Over the course of his illustrious literary career, Arthur Conan Doyle wrote 56 short stories and four novels featuring Mr. Holmes. Today, only 10 of these stories remain under the 95-year copyright protection afforded to Sir Doyle’s estate. The Seventh Circuit recently held that the remaining 46 stories and four novels are in the public domain; that is, the copyright protection once owned by Doyle’s estate has expired. This ruling comes after the Doyle estate sued Leslie Klinger, an editor about to publish an anthology of original fiction starring Sherlock Holmes.
In the lawsuit, the Doyle estate attempted to prevent others from creating movies, books, television programs, and other popular media featuring Sherlock Holmes without first procuring a license. However, based on the plethora of popular Holmes portrayals accessible by hungry viewers today, their efforts were unsuccessful. The Doyle estate based its arguments on the idea that while many of stories featuring Holmes had entered the public domain, the later stories (on which the copyright protections expire in 2018) continued to develop from the older works. The Seventh Circuit reasoned that an author could not extend copyright protection of an original character by later altering that character.
This case presents very interesting questions in the realm of copyright law. Can courts articulate certain limitations for characters that appear in both works in the public domain and in works protected by copyright law? Klinger’s defense in this case was that he was not infringing on the 10 protected stories. There are some details in these stories that were not previously introduced in earlier works. For example, Holmes’ feelings about dogs and information about Dr. Watson’s second marriage. Klinger did not use these details in his anthology. In response, the Doyle estate tried to make a distinction between flat and round characters; Holmes fell into the latter category.
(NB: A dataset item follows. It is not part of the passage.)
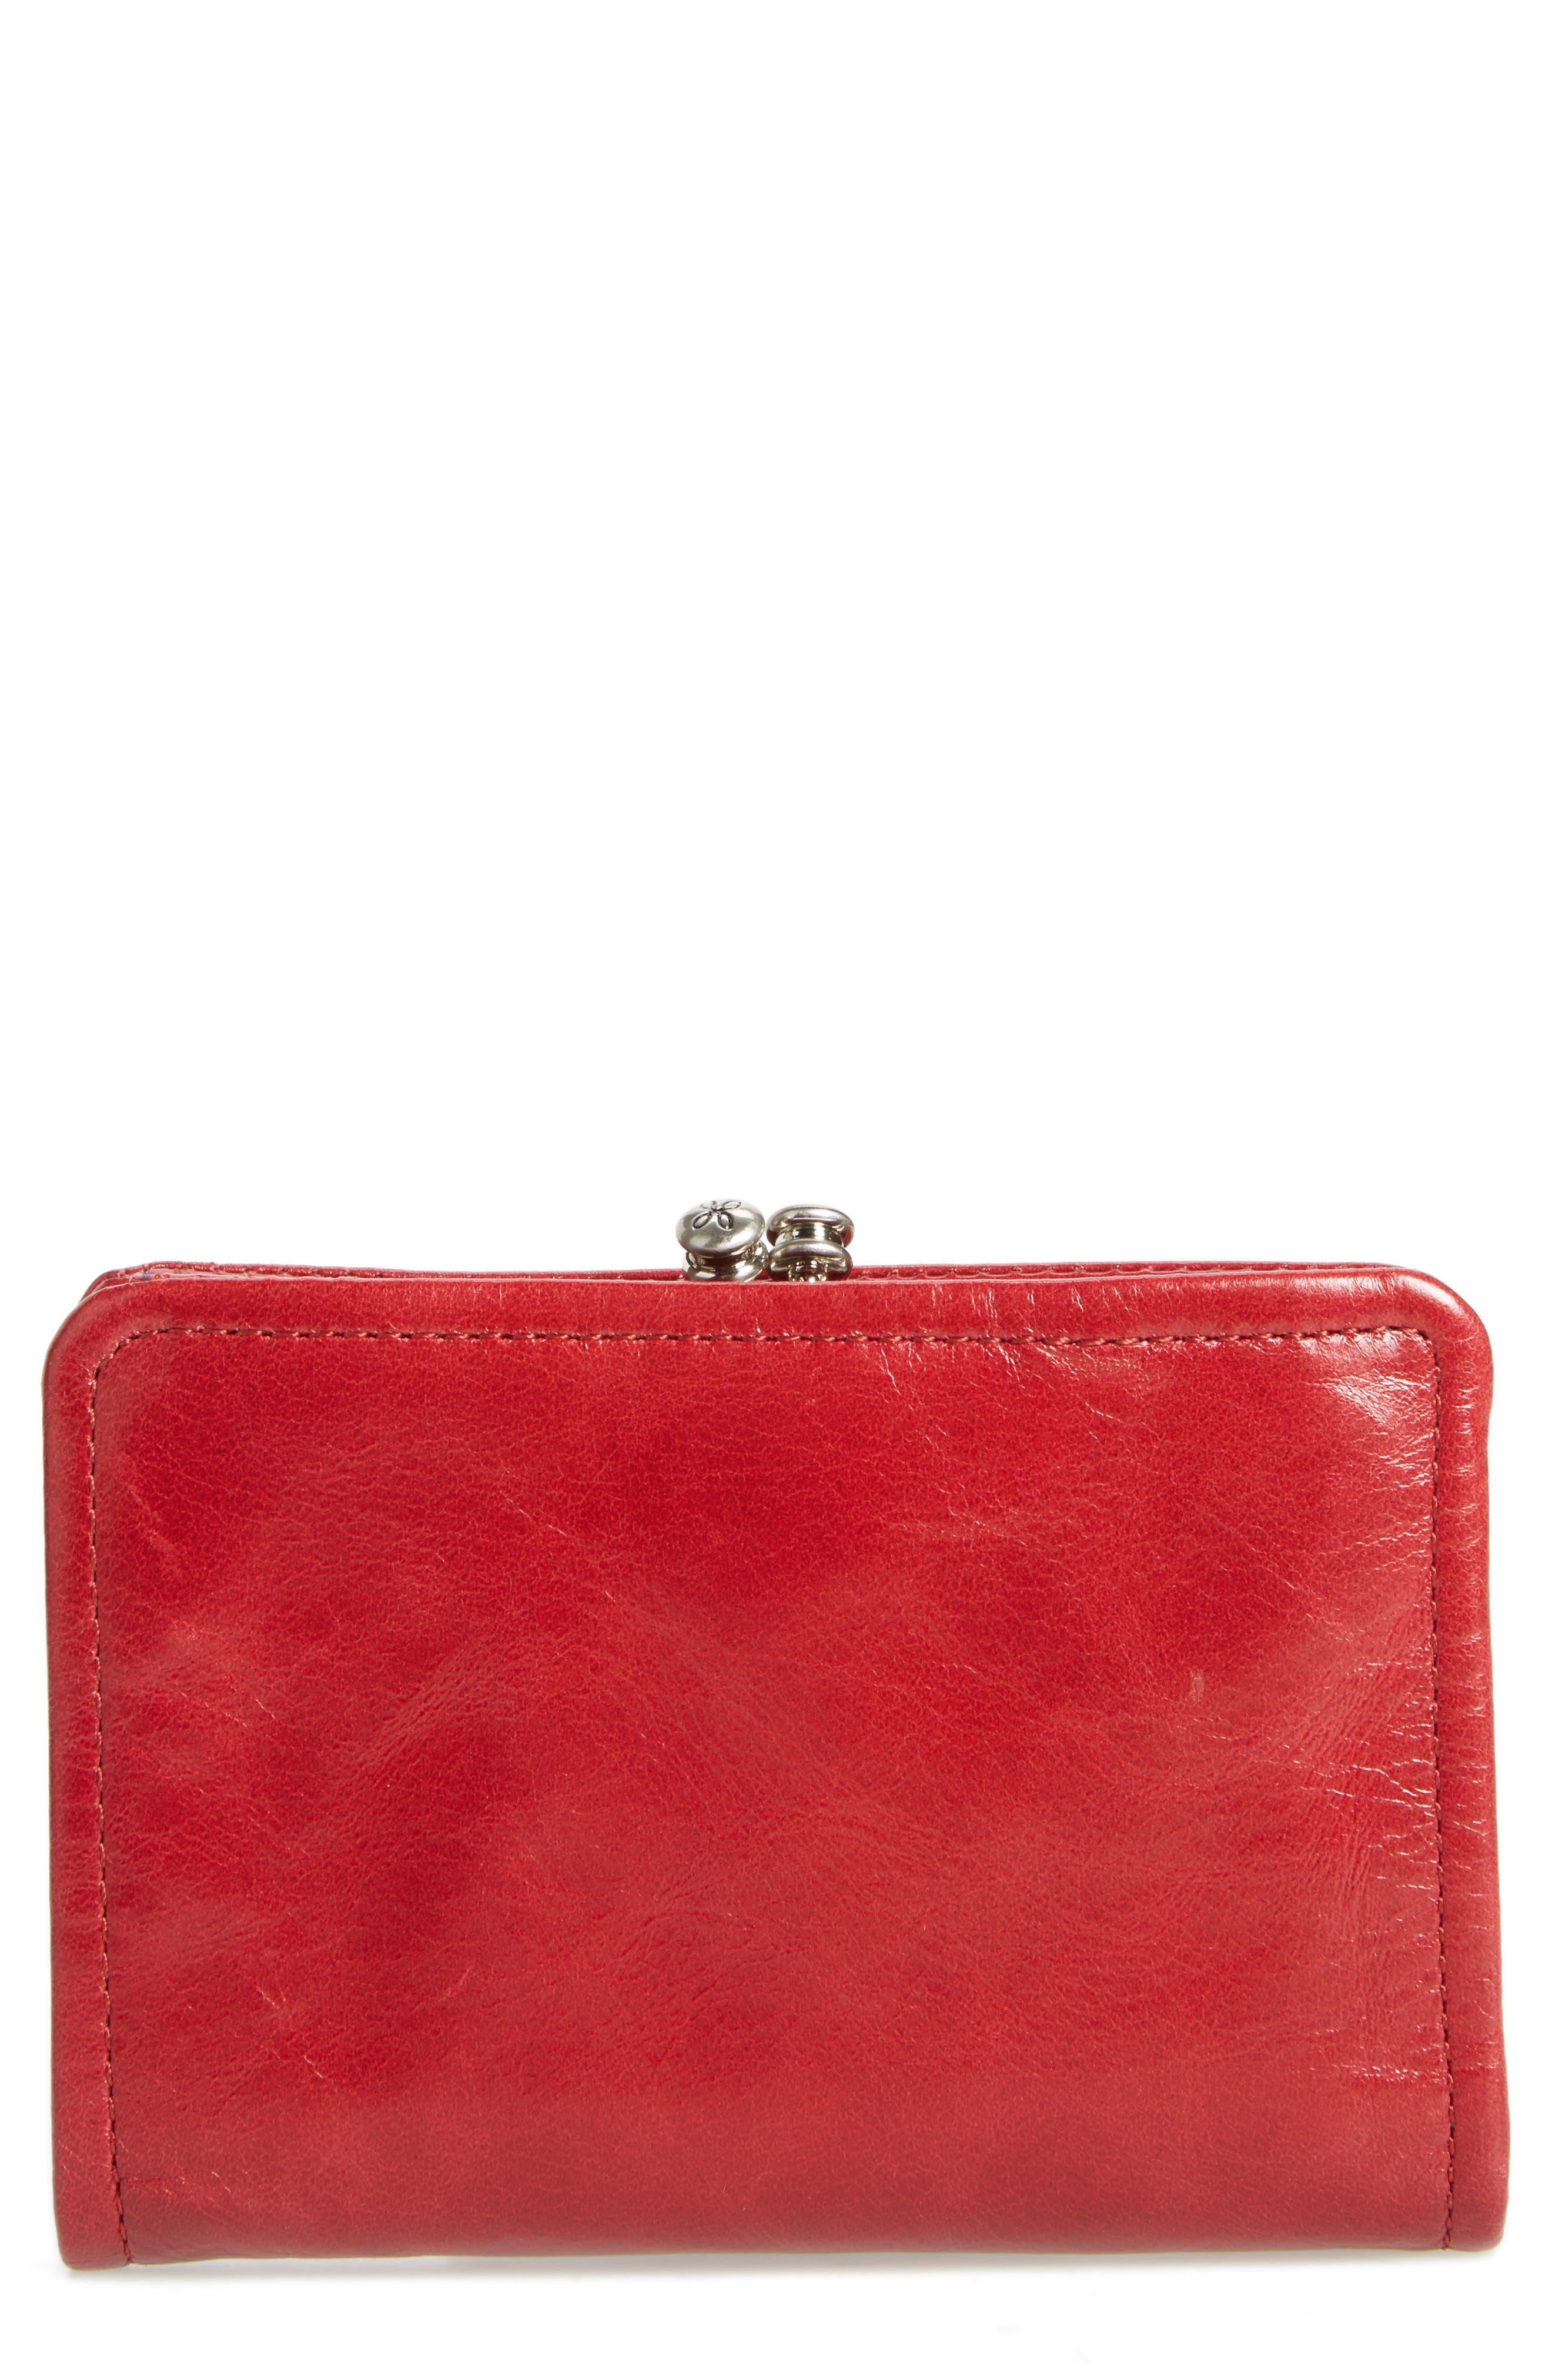 Delta Calfskin Leather Wallet,                             Main thumbnail 1, color,                             Cardinal

His character arc, the estate argued, was not “rounded off” until the completion of the latest work (which was still under protection). In the end, the Court seemed to agree with Klinger that copyright protection was limited to the four corners of the page – or in this case, each of the 56 stories and four novels was afforded protection separately. Though a complex and thoroughly established character, Sherlock Holmes himself was not granted any sort of comprehensive copyright protection beyond the individual stories in which he appears.
This case begs questions about works that develop from one another. Certainly sequels of books or films build on details that were introduced in their predecessors. So when copyrights expire on earlier works, how will courts afford protection to the recurring details in the later works? In an age when characters are being adapted in so many ways, so many times, and in various modes of popular media, these questions will become more difficult. How will courts grapple with limiting or widening access to creative adaptations in the age of multimedia?